In April 2002, Eddins Broadcasting Co., Inc., contracted to sell this station to Queen of Peace Radio, Inc. The deal was approved by the FCC on May 10, 2002, and the transaction was consummated on July 1, 2002. The new owners had the FCC assign this station the WMCJ call letters on September 20, 2002.

In March 2005, Queen of Peace Radio, Inc. (J. Christopher Williams, president) agreed to sell WMCJ to Williams Communications Inc. (Walton E. Williams Jr., president/director) for a reported sale price of $75,000. The deal was approved by the FCC on June 20, 2005, and the transaction was consummated on July 8, 2005. At the time of the sale, the station aired a Catholic radio format.

In May 2008, Williams Communications, Inc., applied to the FCC to transfer the license for this station to Walton E. Williams III. The deal was approved by the FCC on July 1, 2008, and the transaction was consummated on the same day.
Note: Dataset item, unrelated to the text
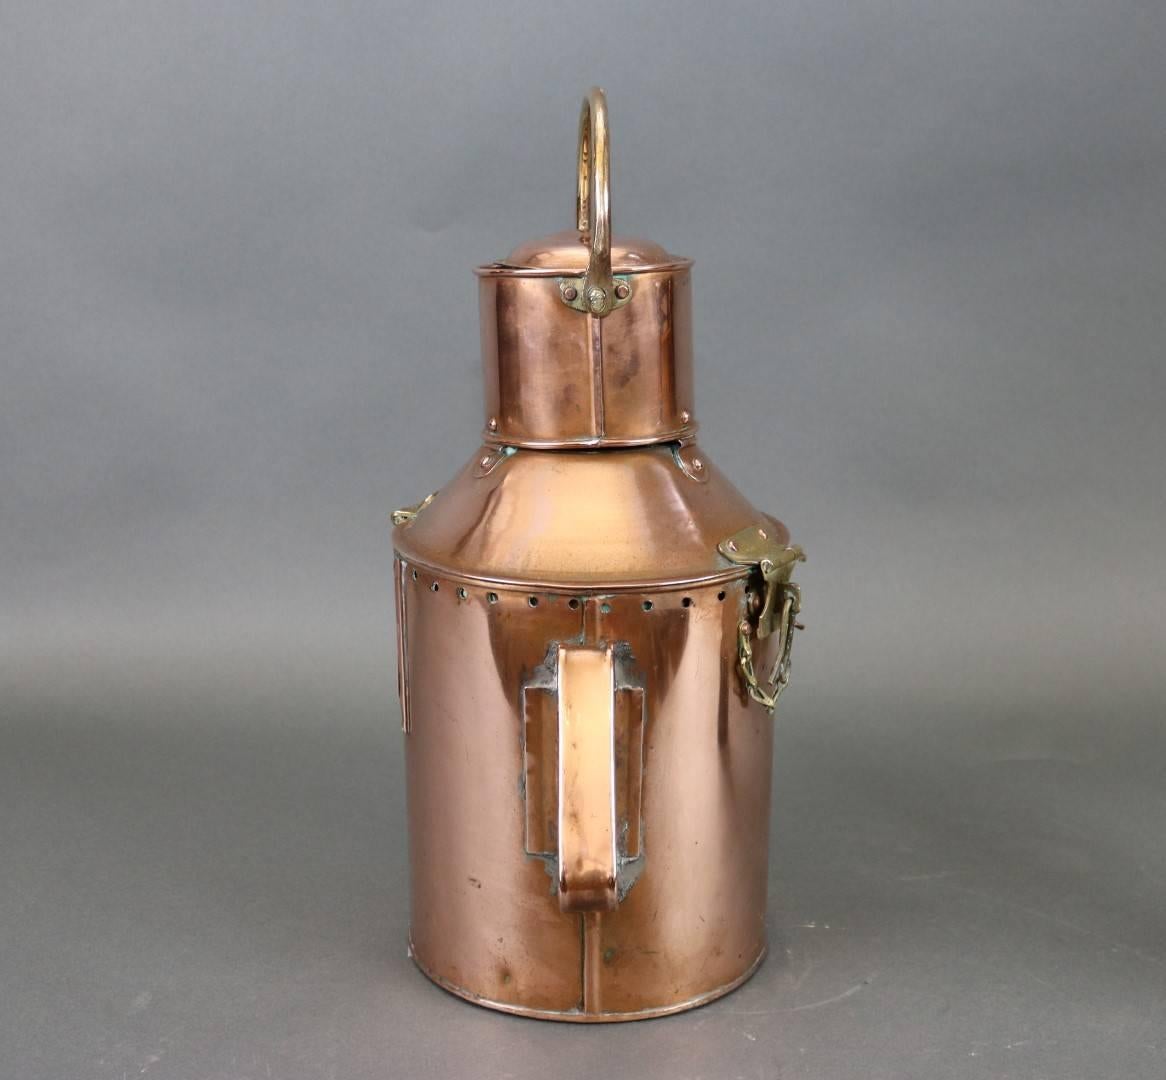 This is a hand held copper Signal lantern with Fresnel lens and a thumb operated shutter to send messages. Hinged top with brass clasp. Also contains original burner. Dimensions: 9" L x 10" W x 14" H (w/o handle).

This change would prove short-lived as in mid-August 2008, Walton E. Williams III reached an agreement to sell WMCJ and sister station WFMH to Jimmy Dale Media LLC. The two stations sold for a reported total of $375,000. At the time of the sale, the station aired a gospel music format. The deal was approved by the FCC on October 6, 2008. On December 1, 2012, WMCJ went silent. On April 1, 2013, WMCJ returned to the air simulcasting the sports programming of WFMH.

Jimmy Dale Media surrendered the licenses of WMCJ and WFMH in September 2024. The FCC cancelled the station's license on October 1, 2024.